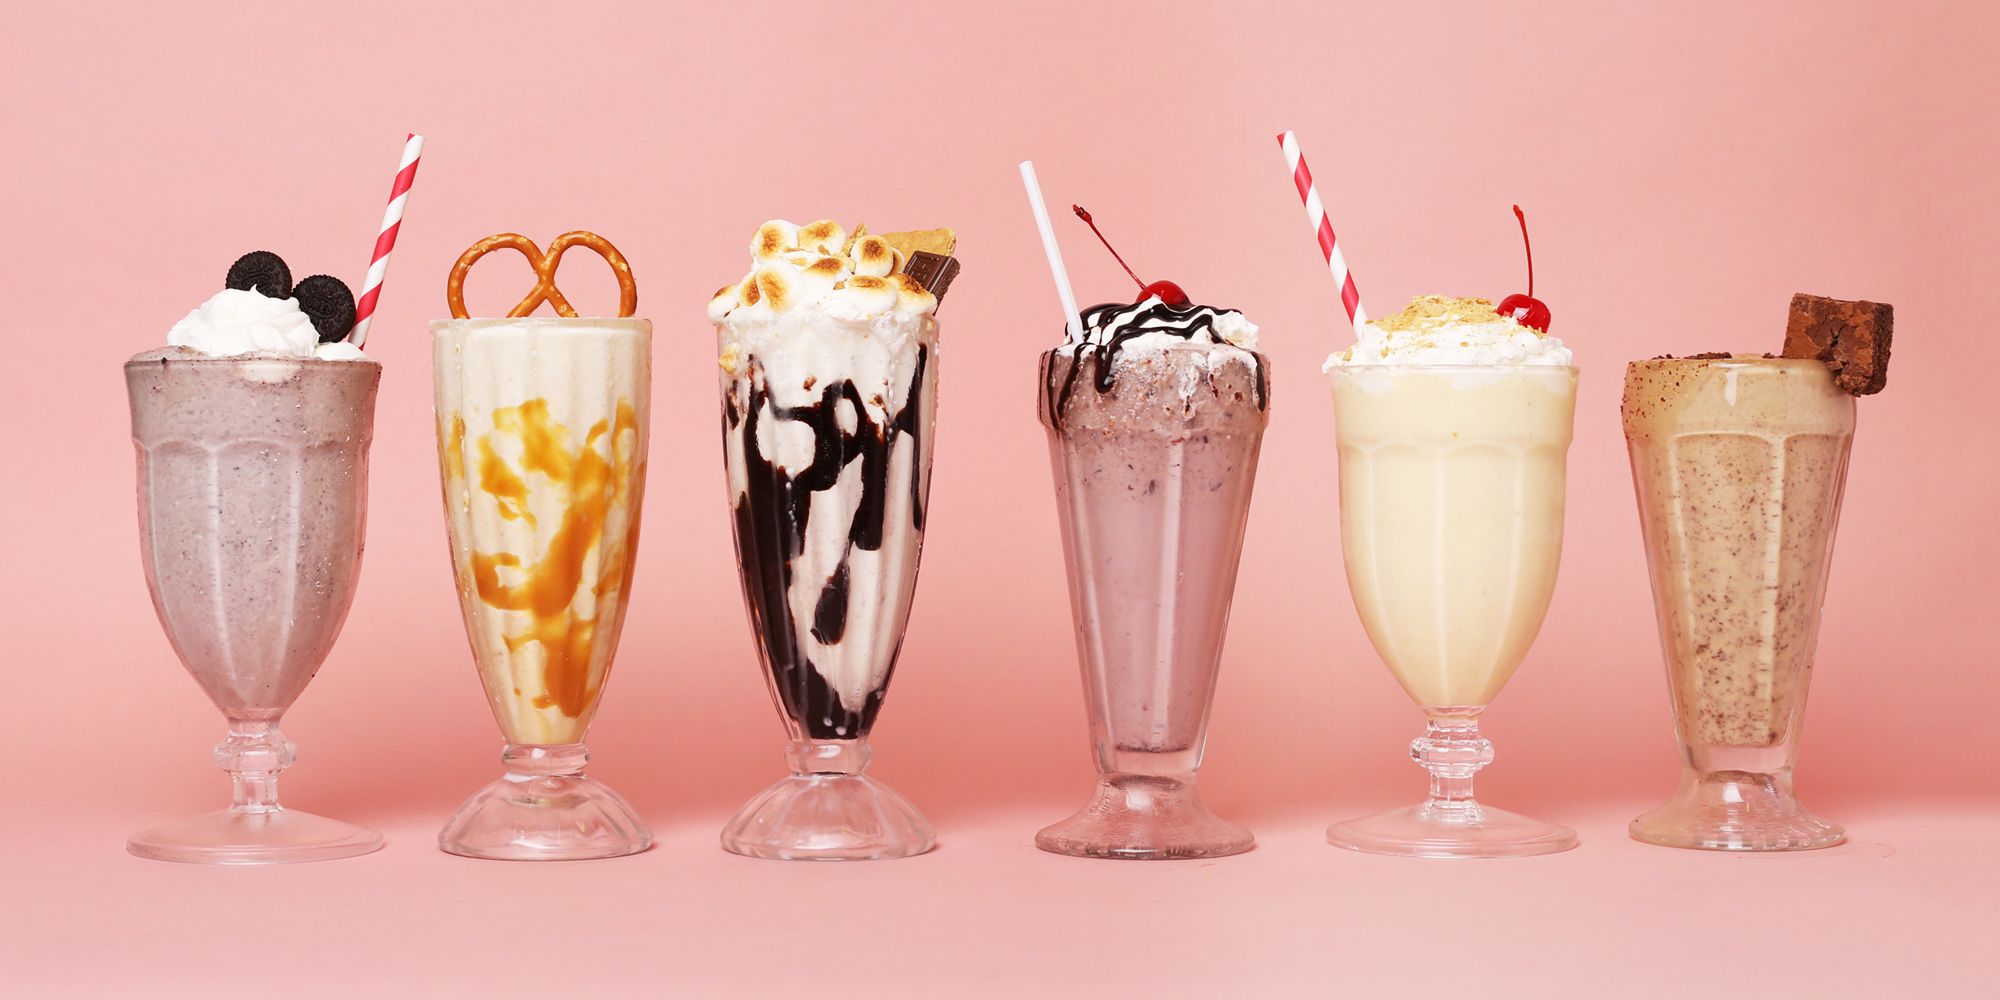 20+ Best Milkshake Recipes - How to Make a Homemade Milkshake
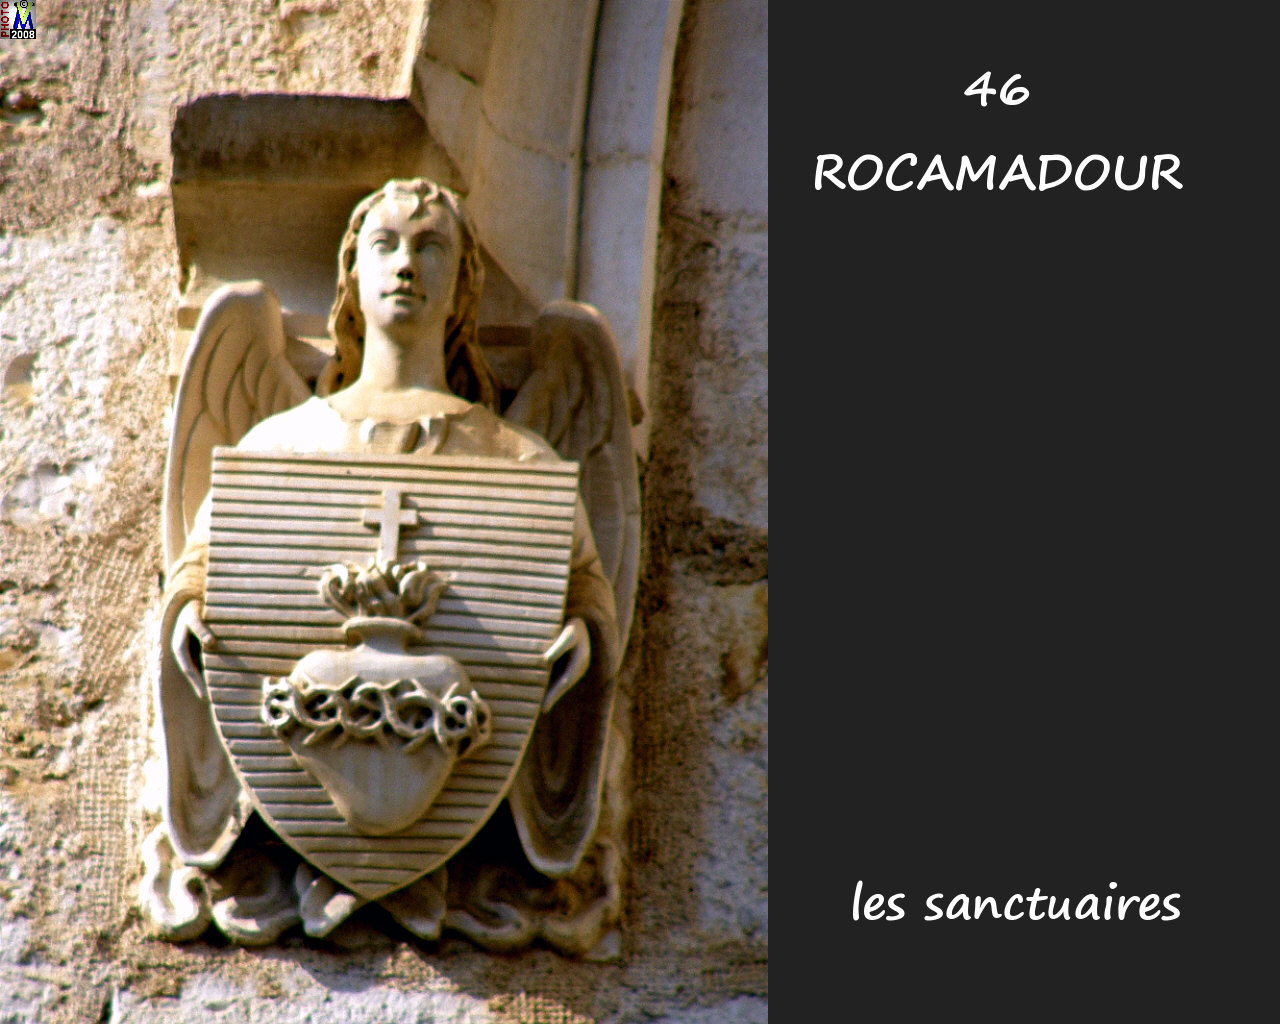 46ROCAMADOUR_sanctuaires_258.jpg
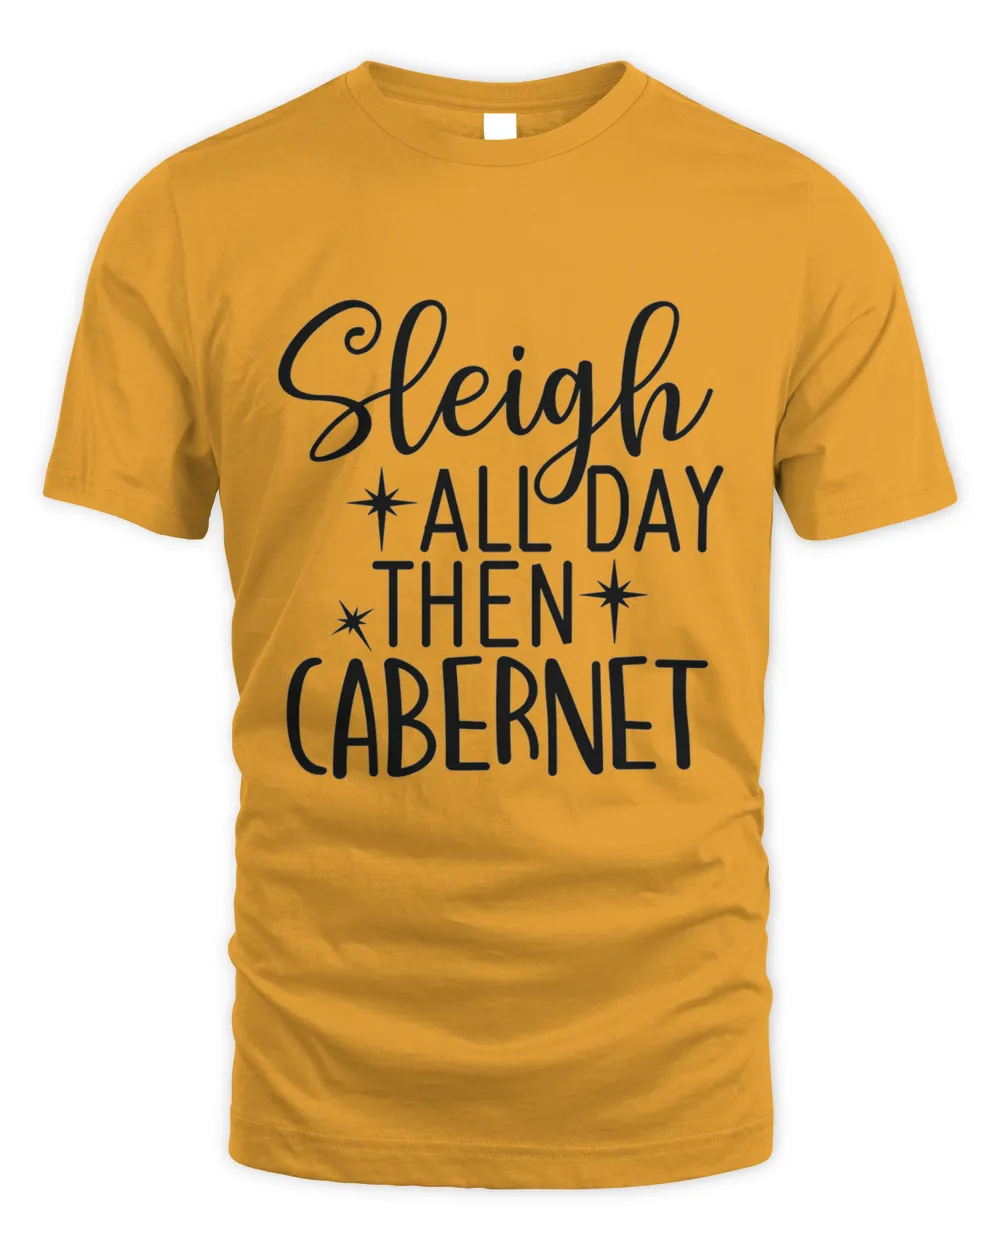 Sleigh All Day Then Cabernet, Men's & Women's Merry Christmas Shirt
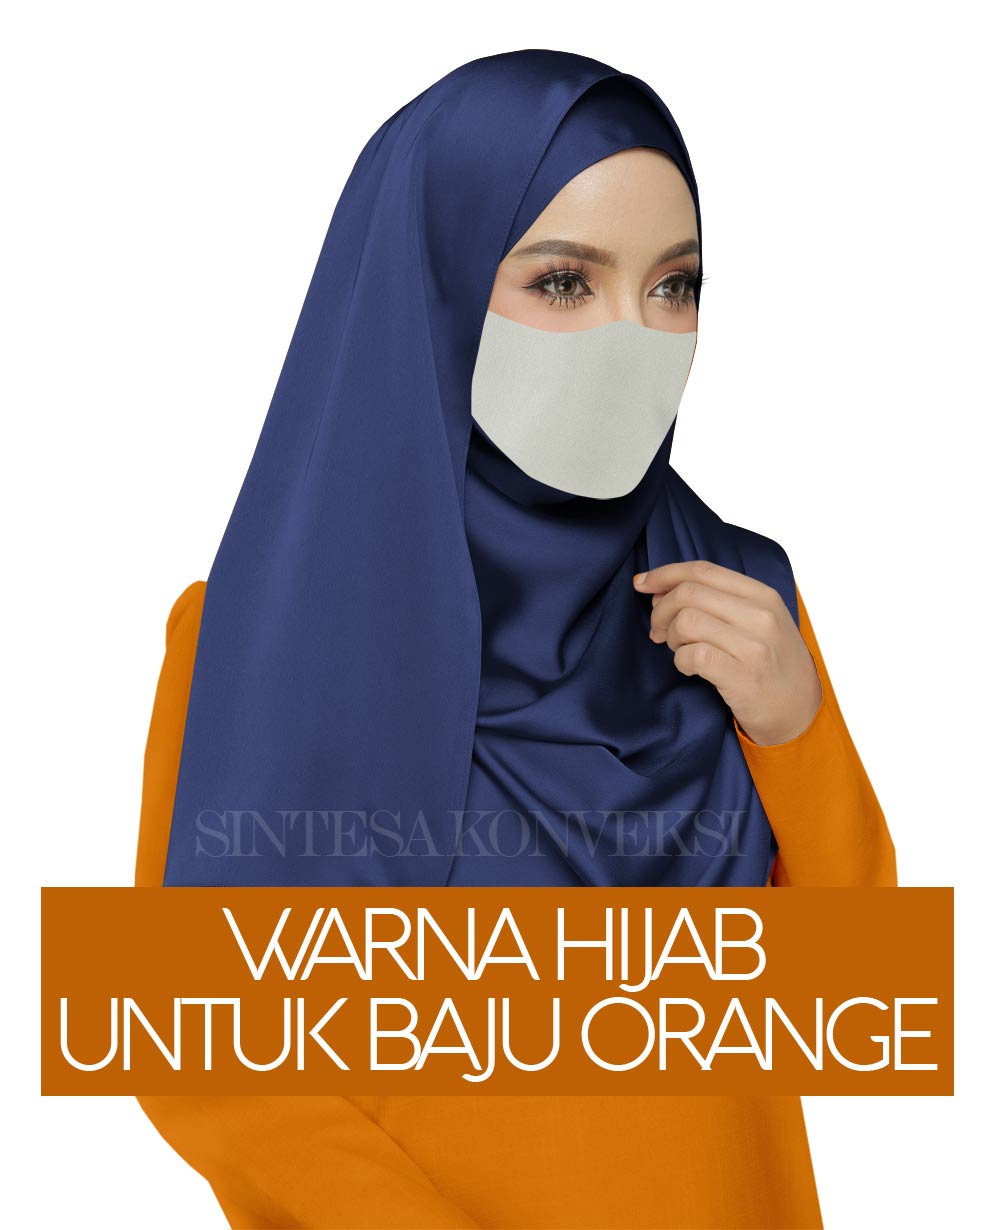 baju orange cocok dengan warna jilbab apa

▶ PROBLEM TO SOLVE: Only the lines from the one with "46ROCAMADOUR_sanctuaires_258.jpg" through the end of the listing above should be output, exactly as written and with no pictures.

▶ OUTPUT OF THE TASK:
 46ROCAMADOUR_sanctuaires_258.jpg
 Sleigh All Day Then Cabernet, Men's & Women's Merry Christmas Shirt
 baju orange cocok dengan warna jilbab apa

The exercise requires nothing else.